After Scene. The Overworld

==Analysis==
The design of The Dynasts is extremely ambitious, and because of its coverage of historical events of the same era, has received comparison to Tolstoy's War and Peace. Emma Clifford has written that Hardy used Tolstoy's novel as one of many sources of inspiration for the work, and in fact owned an early translation. However, it was not necessarily as a primary source, as Hardy also drew on the History of Europe by Archibald Alison, among others.
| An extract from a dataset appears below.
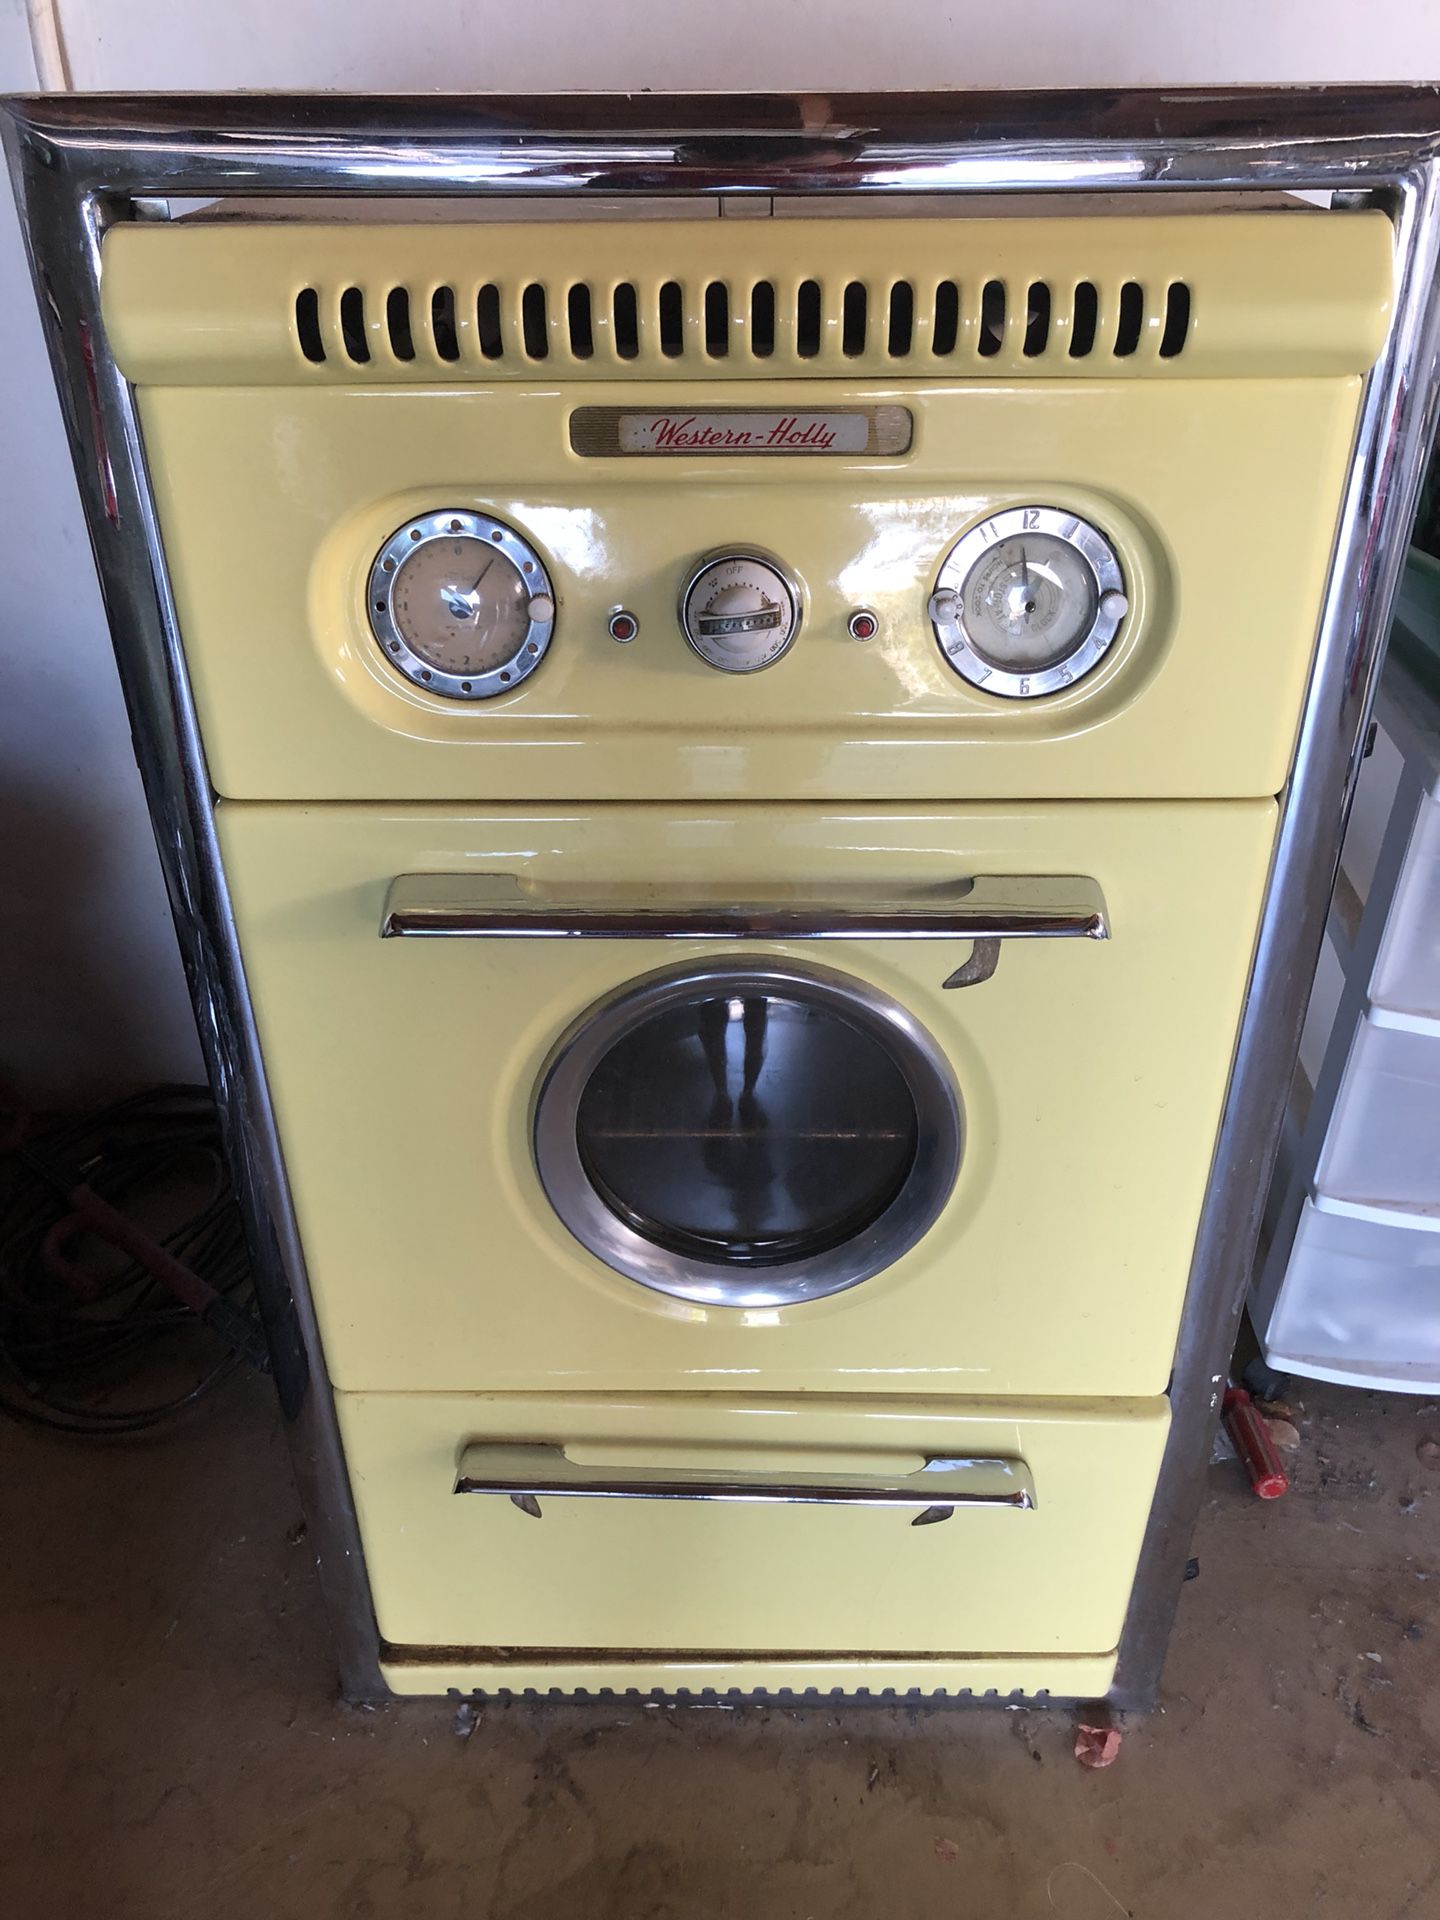 1950’s Western Holly wall oven stove.

Hardy juxtaposes scenes of ordinary life with scenes involving the principal historical figures of the age, and concentrating on their desire to found dynasties to preserve their power. There are extensive descriptions of landscape and battle scenes that are characterised by shifts of visual perspective that, in the opinion of John Wain, anticipate cinematic techniques. George Witter Sherman has postulated on Hardy's observations of life in London as influences on elements of The Dynasts. Elna Sherman has discussed Hardy's references to music and songs in the work. Anna Henchman has written about Hardy's use of imagery in the manner of astronomical observation at great distances from the earth in this work. Lawrence Jones has analysed Hardy's idiosyncrasies in his manner of narrative in The Dynasts. J.O. Bailey has postulated an analogy of the Spirits in The Dynasts with other Mephistopheles-like figures in literature, and in relation to the Book of Job.